When is something a
(domain-specific) language?
Customers often ask me: what
is a DSL? How is a language different from … and then they mention all kinds of
other terms. This is a great topic for discussions at academic workshops or
evenings over drinks (the latter probably more productive), so I could write
pages and pages here. Let me try something succinct, and you tell me if it
makes sense and where you disagree.
I will sort the ideas in
order of increasing languaginess and start with glossaries.
Glossaries
When trying to figure out a
domain, one usually starts with a glossary. This defines the most important
terms used (and agreed upon!) in the domain and explains them in prose. It’s a
list of words, with a few definitional sentences for each. It is very useful to
make verbal and whiteboard conversations about the domain more structured and
less ambiguous, for example, when you’re trying to understand the domain to
build a DSL.
Obvious, but I’ll say it: a
glossary is not a DSL!
Structured Glossary
When you want to be one step
more precise, you’ll start defining the relationships between the glossary
terms with a set of well-defined relationship types.

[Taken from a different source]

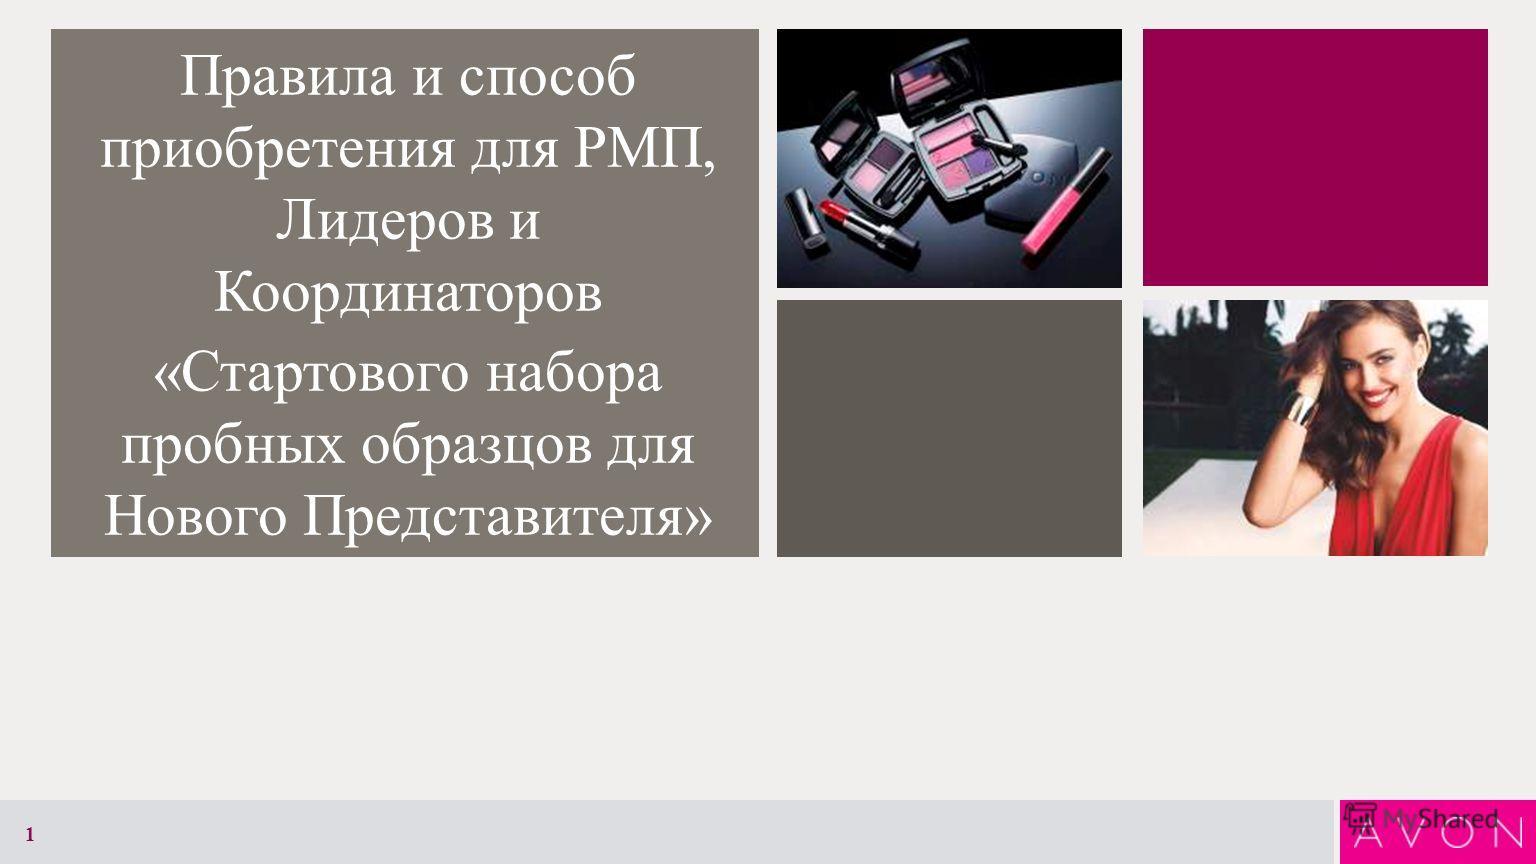 Правила и способ приобретения для РМП, Лидеров и Координаторов «Стартового набора пробных образцов для Нового Представителя» 1

These types are familiar
for anyone with even a basic object-oriented background: contains, refers
to and is-a. You can also write sentence fragments at the contains and refers arrows
that charaterize the relationship. Often it makes sense to represent the
relationship network in some graphical, UML-ish notation.
I call something like this a
structured glossary. It starts to look suspiciously like a (meta)model, but the
crucial thing is that this thing is intended for human consumption, not for
processing with a tool. Again: useful, but not a DSL.
The term ubiquitous language
from the space of DDD is IMHO somewhere between the glossary and the structured
glossary.
Domain models and
metamodels
Now lets move on to the term
domain model. It is more or less similar to the structured glossary, but it is intended
for tools (in the widest sense). This means that the amount of semantics
conveyed by the sentence fragments on the structured glossary should be moved
into additional model constructs and/or program code. A domain model can be
implemented as a bunch of classes in a programming language and then serve as
the backbone for capturing data or building a UI.
If it is intended to be used
in a modeling infrastructure, such a formal domain model is usually called a
metamodel. A meta model can be implemented in many kind of technical
formalisms: an XML schema, a JSON schema, an EMD Ecore file, MPS structure
definitions and yes, also Java classes, although I usually don’t call it a
meta-model but a domain model.
Attention pet peeve alarm:
any model can be a metamodel. “meta” characterizes a relationship (to another
model) and is not an inherent property of the model (not true for some
technical spaces, but I digress).
We are slowly moving into the
domain of languages. A meta-model defines the abstract syntax of a language —
aka, the kinds of things you have available for defining sentences (or models).
A meta-model is not a DSL, but it is one of the ingredients of a DSL.
Even when using the
meta-model standalone (without the other ingredients of languages) it serves as
a well-defined “truth” regarding the structure of the domain. It can be the
basis for the definition of data exchange formats. It’s definitely useful.
Validations
However, only the most
trivial domains can be defined with structure only. You usually have to define
validations on them. The simplest ones are cardinality constraints (which are
kinda structural), but there are validations that check name uniqueness and
rules of the kind
if the X contains a Y, then
this A over there cannot have more than 2 children of type B.
All validations on a model
instance must be true for a model to be a valid instance of the metamodel. Any
tool that writes or reads models must know and be able to process such
validations.
Some people call a meta-model
with validations a language (or DSL, if it is specific to a domain). I don’t.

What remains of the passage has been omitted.